TASK ITEM.
Reproduce all the lines below exactly and omit the images.

INPUT DATA.

-.-.-

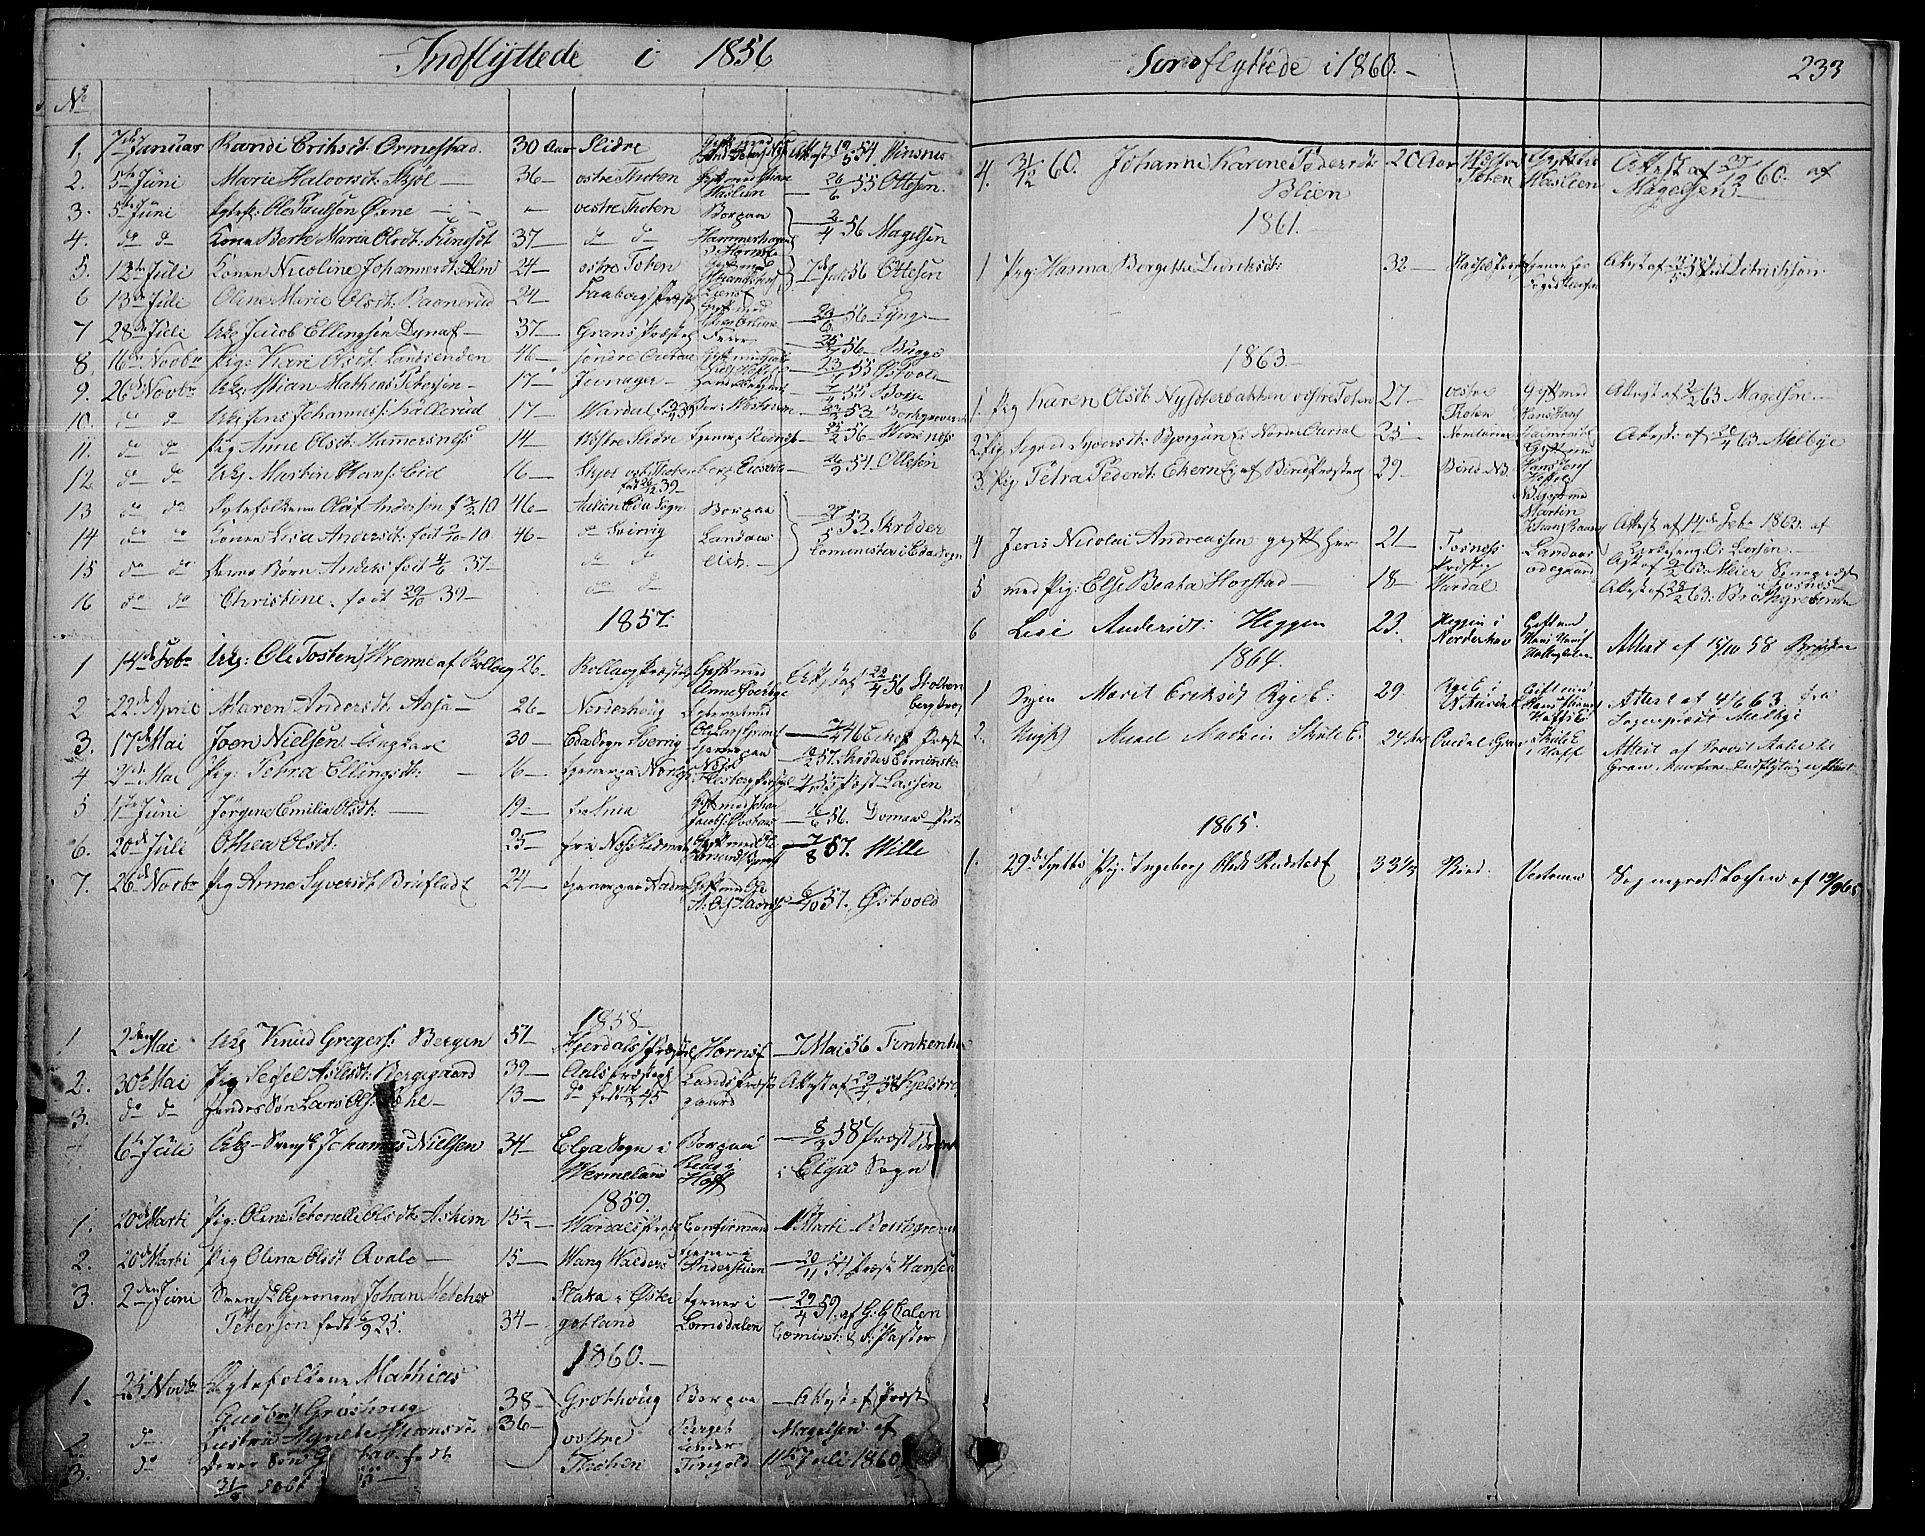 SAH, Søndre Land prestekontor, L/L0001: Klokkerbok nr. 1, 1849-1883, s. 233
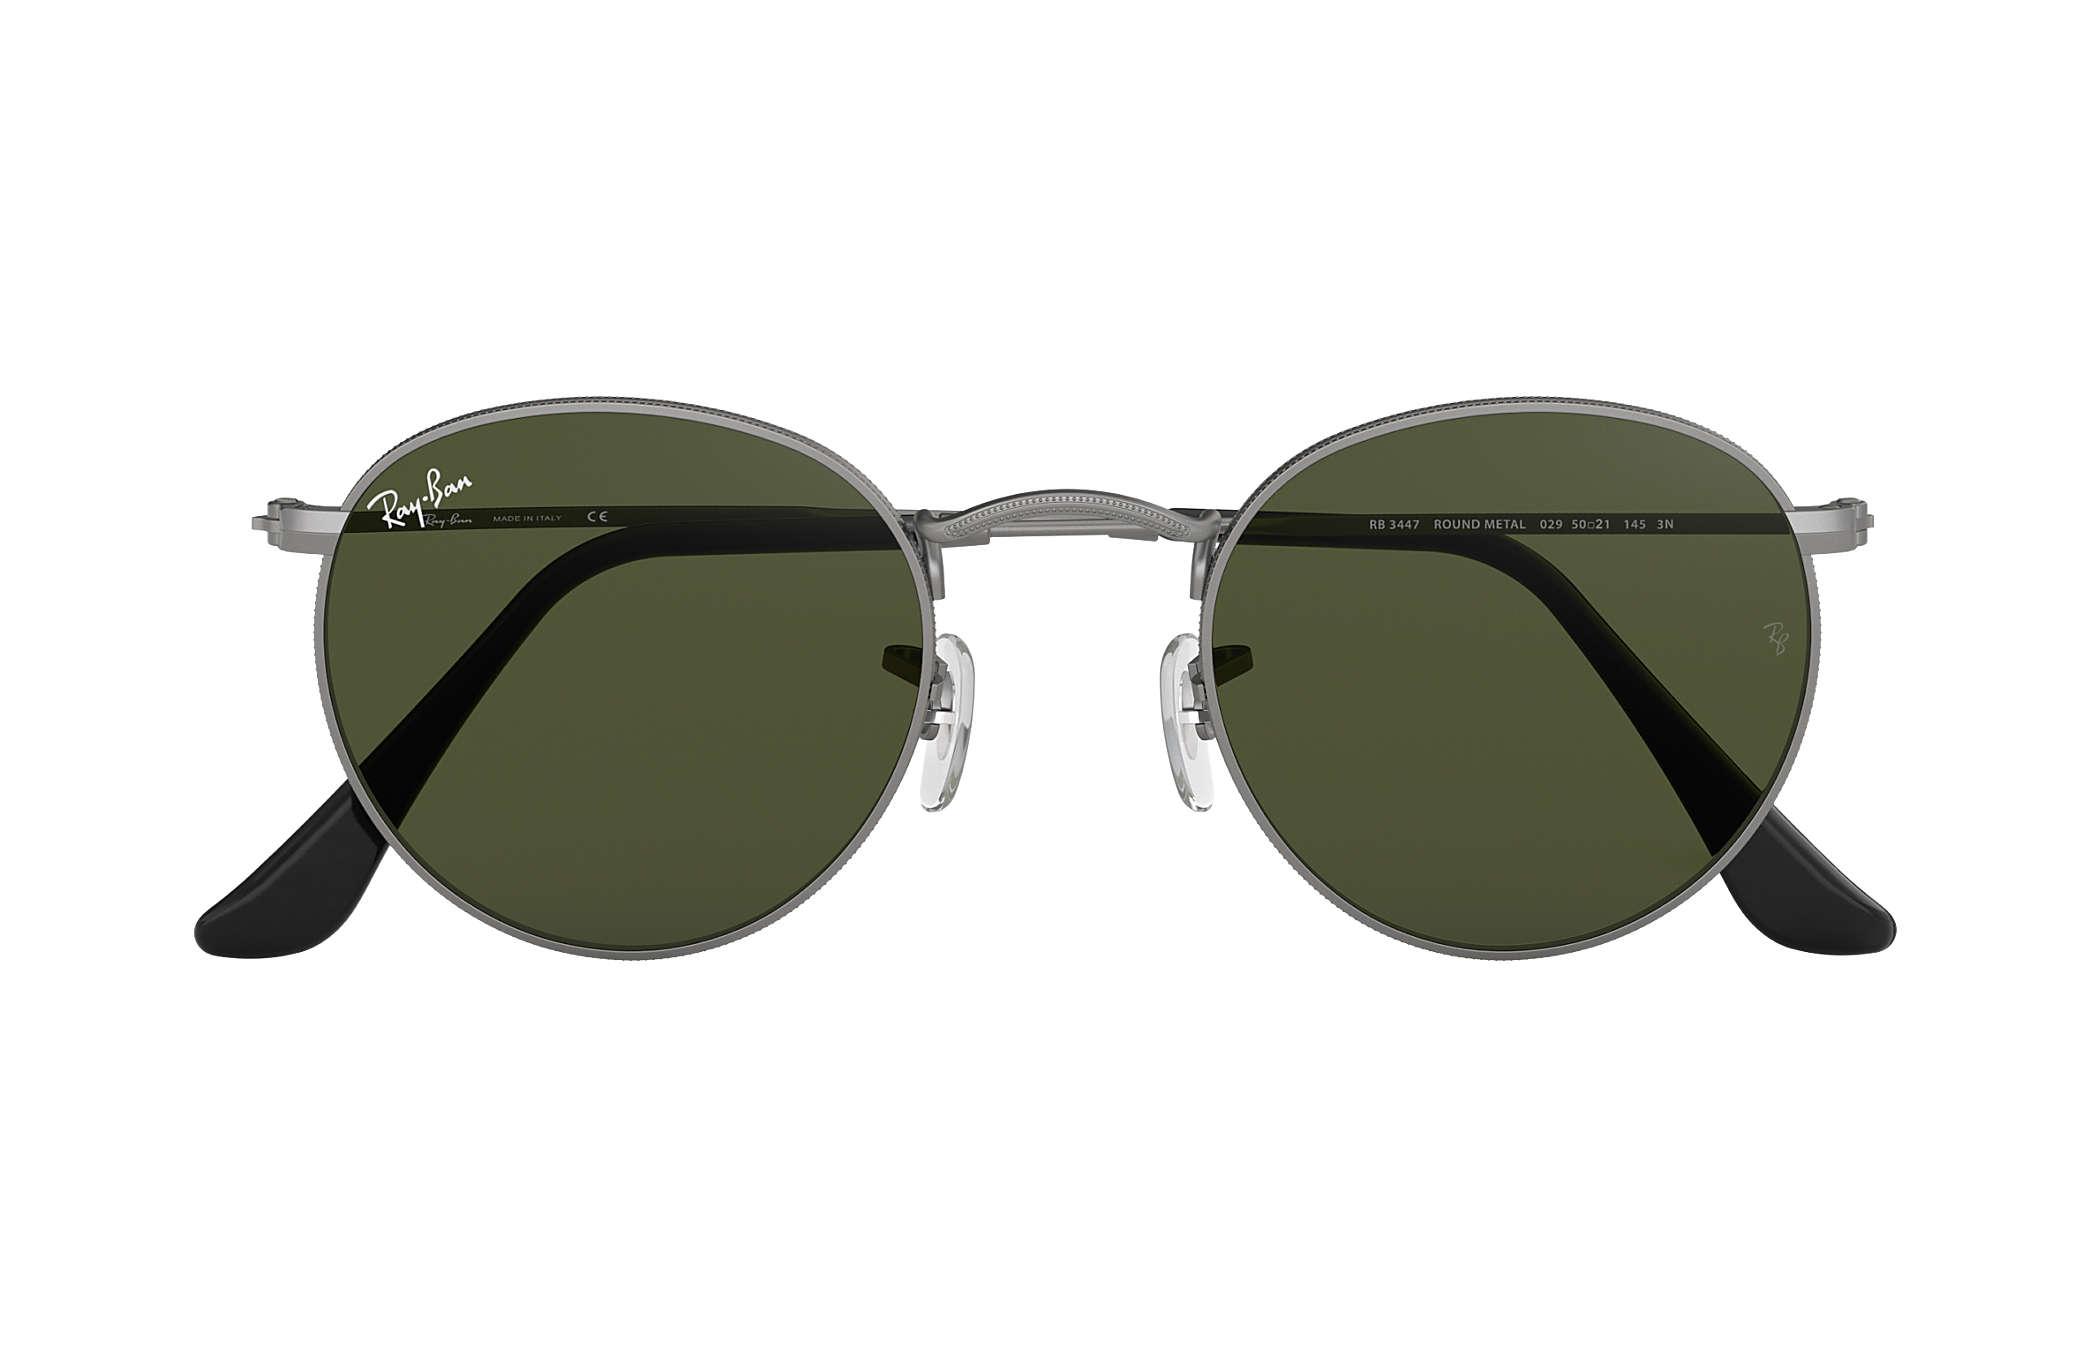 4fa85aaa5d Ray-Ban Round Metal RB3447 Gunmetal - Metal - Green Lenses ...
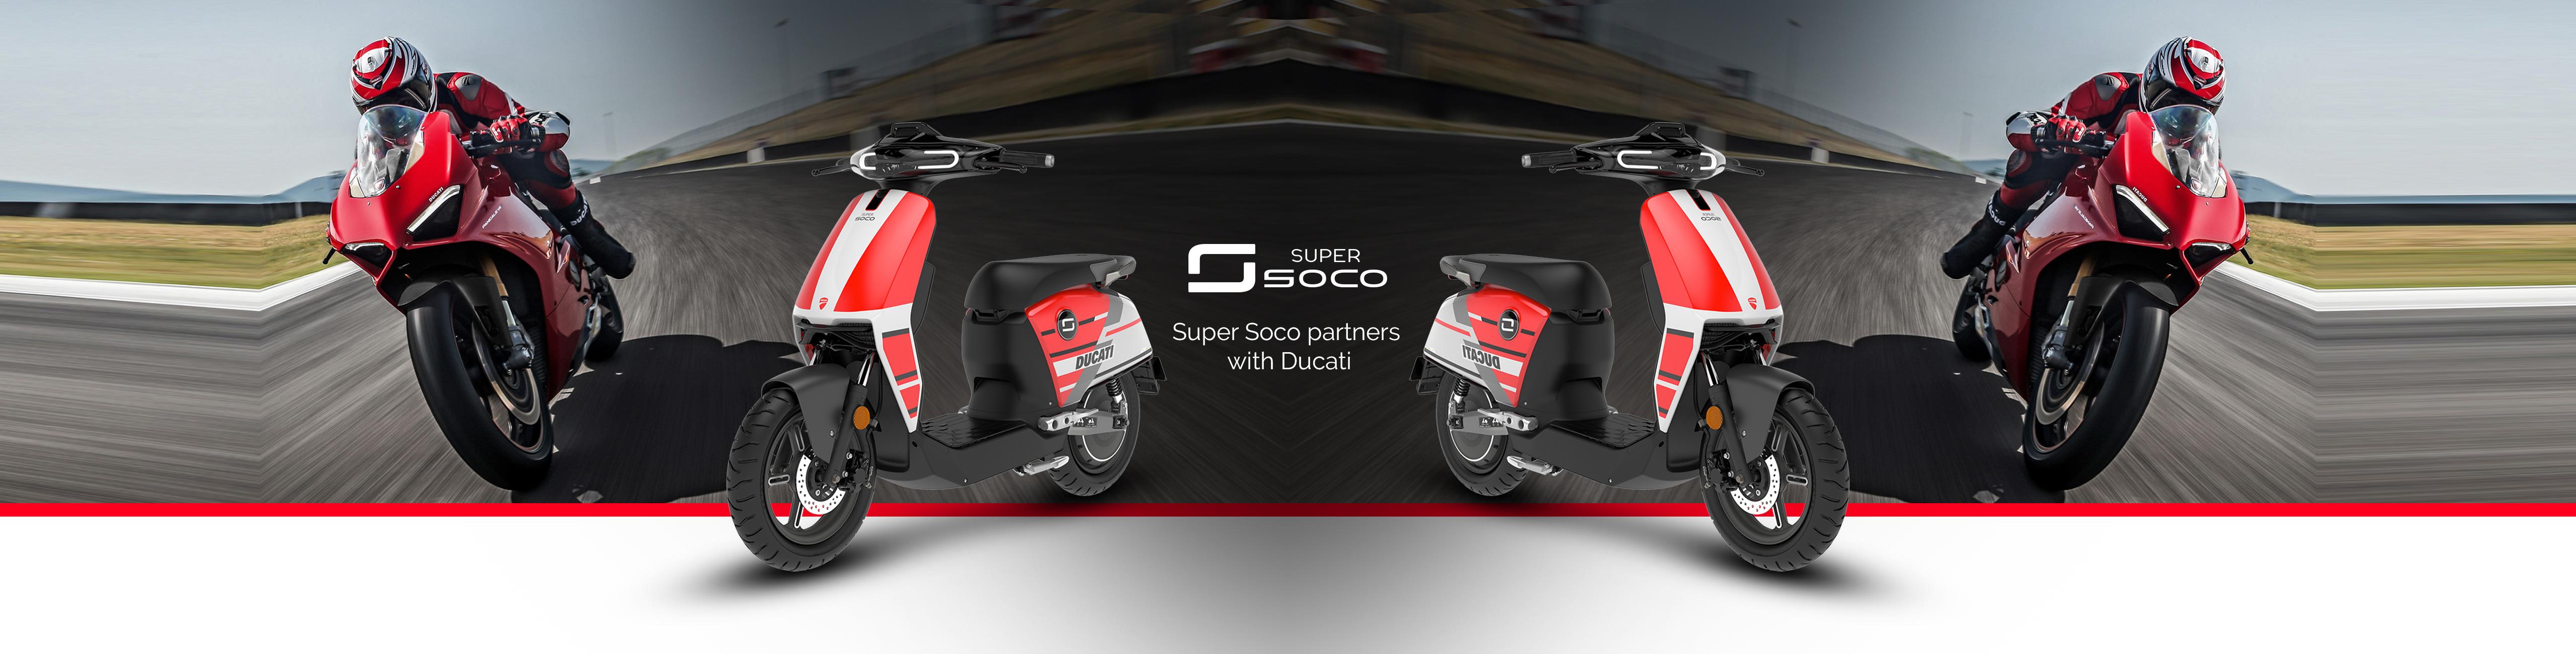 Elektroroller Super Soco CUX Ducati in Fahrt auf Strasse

-.-.-

WRITTEN ANSWER.
 SAH, Søndre Land prestekontor, L/L0001: Klokkerbok nr. 1, 1849-1883, s. 233
 4fa85aaa5d Ray-Ban Round Metal RB3447 Gunmetal - Metal - Green Lenses ...
 Elektroroller Super Soco CUX Ducati in Fahrt auf Strasse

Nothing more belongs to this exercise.